According to the EPA’s Greenhouse Gas Reporting Program, power plants remained the largest source of U.S. emissions, with over 1,550 facilities emitting over 2 billion metric tons of carbon dioxide, roughly 32% of total U.S. greenhouse gas pollution. Power plant emissions have declined by 9.8% since 2010, but there was an uptick in emissions of 13 million metric tons in 2013 because of increased coal use.
The next biggest source petroleum and natural gas systems, reporting 224 million metric tons of greenhouse gas emissions, a decrease of 1% from the previous year.
Environmentalists said the findings from 8,000 large emitters including power plants, coal mines, oil and gas facilities and landfills were the latest sign that action on climate change was urgently needed.
“Today’s newly-released data provides a critical tool in America’s effort to reduce climate pollution,” Environmental Defense Fund’s Peter Zalzal said in a statement. “Just last week, 400,000 people marched in New York City for action on climate change. This data will help us take that action in the most effective ways possible. The data shows why we need to swiftly deploy meaningful solutions, like EPA’s proposed Clean Power Plan, and why it’s urgent that we take additional actions to reduce methane emissions from the oil and gas sector.”
The only positive news out of the report for environmentalists was that methane, which is 84 times more powerful that carbon dioxide, declined. Reported methane emissions from the petroleum and natural gas sector have decreased by 12% since 2011, with the largest reductions coming from hydraulically fractured natural gas wells, which have decreased by 73% during that period. EPA expects to see further emission reductions as the agency’s 2012 standards for the oil and gas industry become fully implemented.

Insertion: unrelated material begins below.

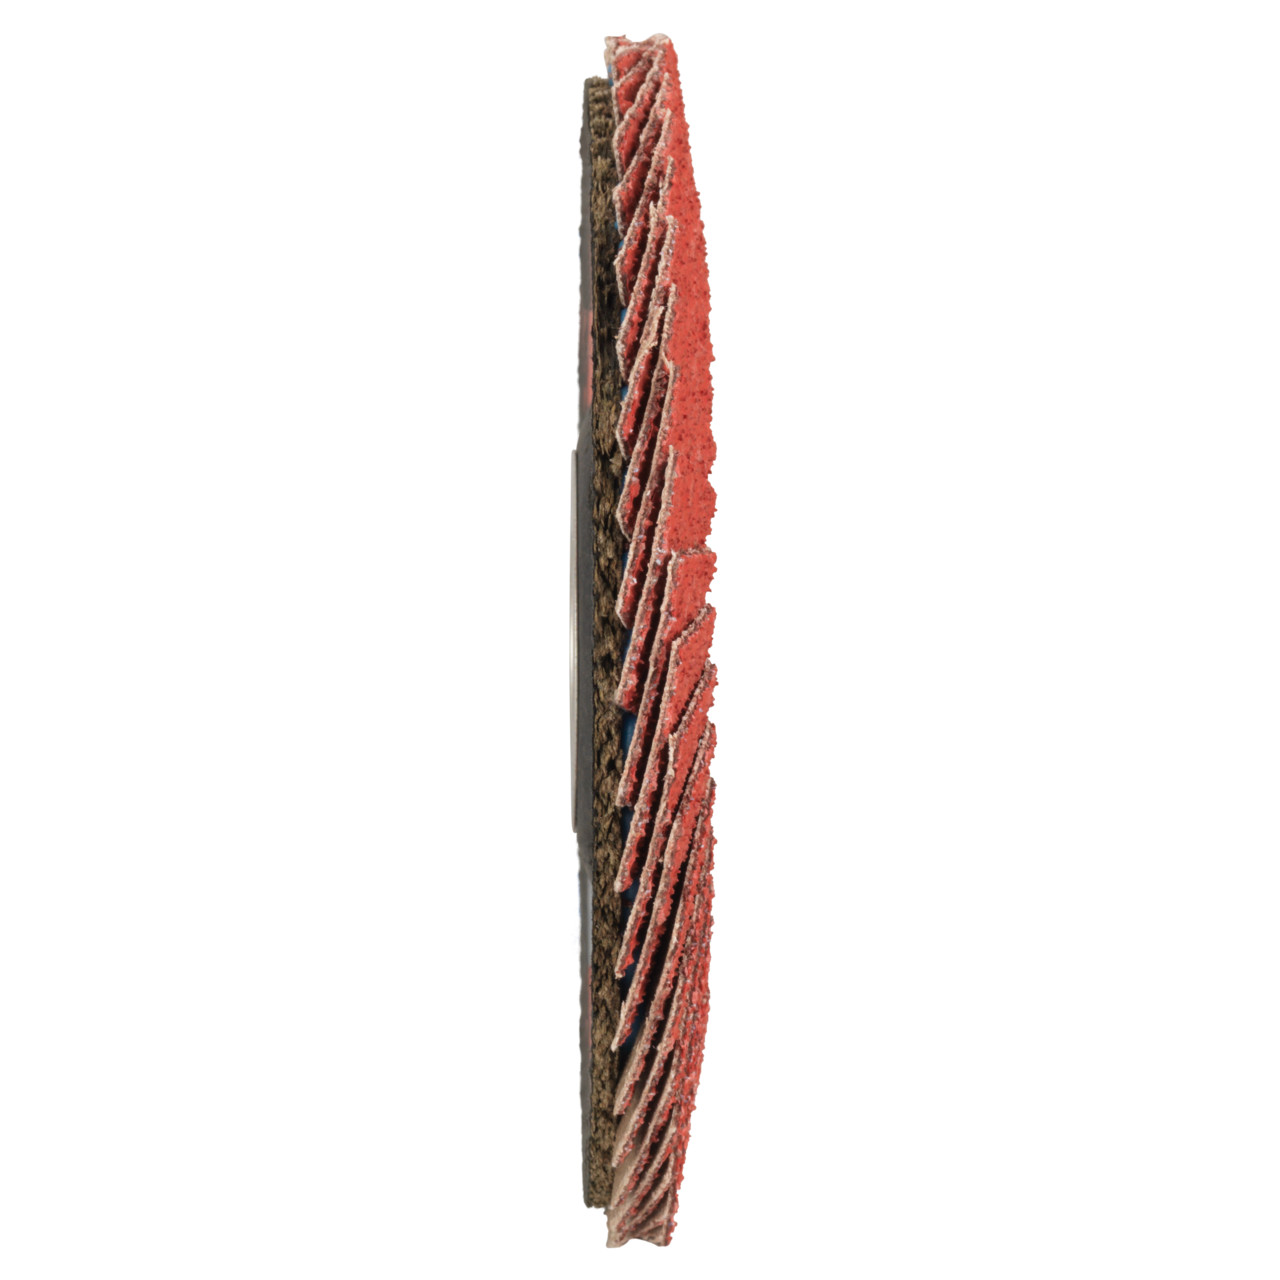 TYROLIT getande borgring DxH 115x22,2 CERAMIC voor roestvrij staal, P60, vorm: 27A - slingeruitvoering (glasvezeldragerhuisconstructie), Art. 645132

The news comes in the wake of an announcement last week at the U.N. climate summit that a half-dozen oil and gas companies would commit to voluntarily reducing the release of methane from their facilities in partnership with the United Nations and several national governments. The United States also announced it will provide $15 million to the World Bank’s new Pilot Auction Facility for Methane and Climate Change Mitigation, which aims to generate funding for projects that reduce methane pollution.
For an industry that has been criticized for failing to address methane leaks, the news of a decrease in methane was seen as a sign that their voluntary efforts are paying off.

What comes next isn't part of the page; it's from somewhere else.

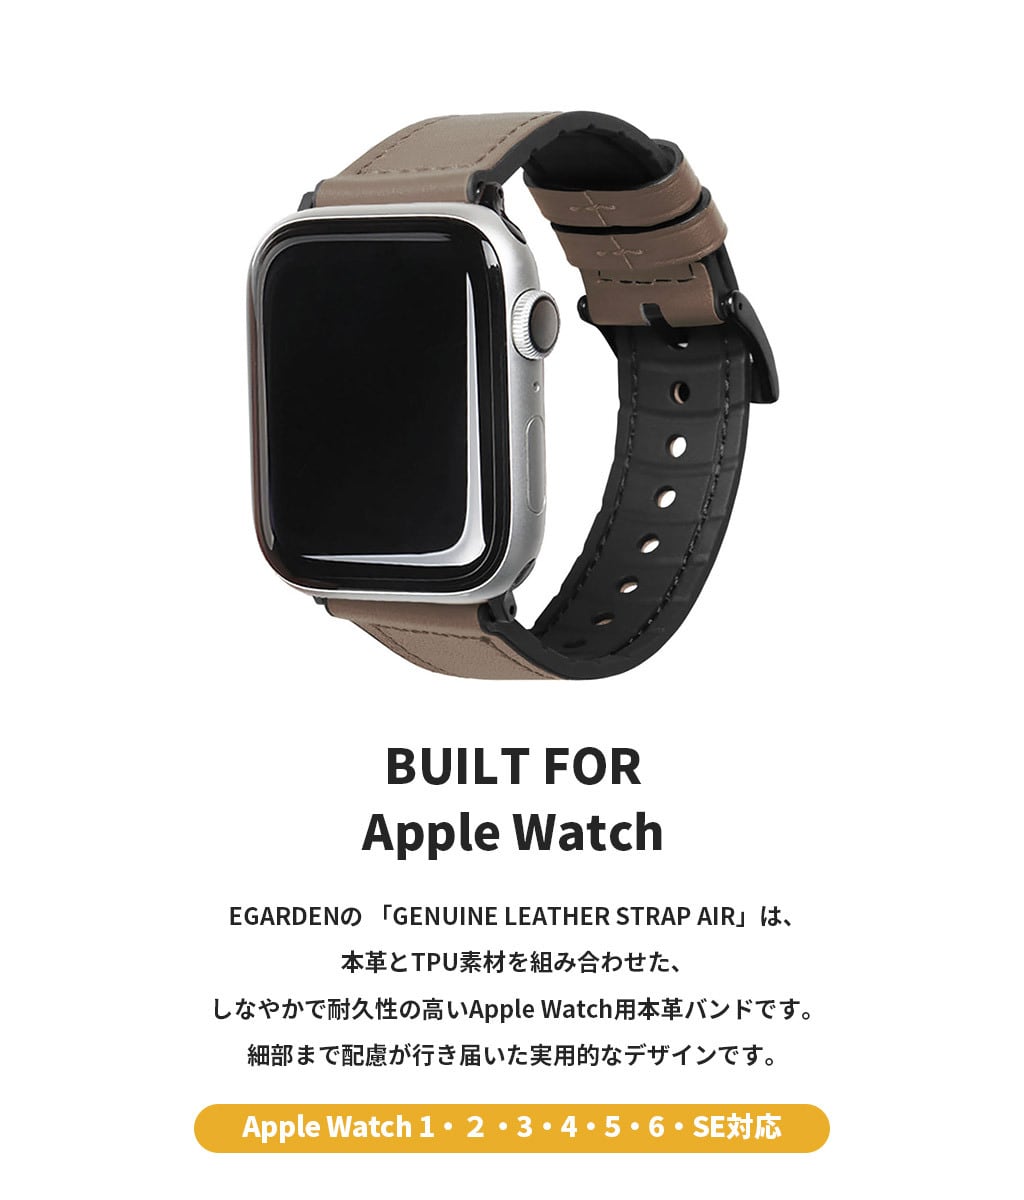 国内正規品 EGARDEN エガーデン Apple Watch GENUINE LEATHER STRAP

“We’re proud to see our industry’s efforts demonstrated in EPA data that show emissions are far lower than EPA projected just a few years ago, even as U.S. production has surged,” said Howard Feldman, American Petroleum Institute’s director of regulatory and Scientific Affairs. “Creating good paying jobs and growing the economy go hand in hand with our efforts to reduce emissions both voluntarily and in compliance with EPA emissions standards that take effect in January.”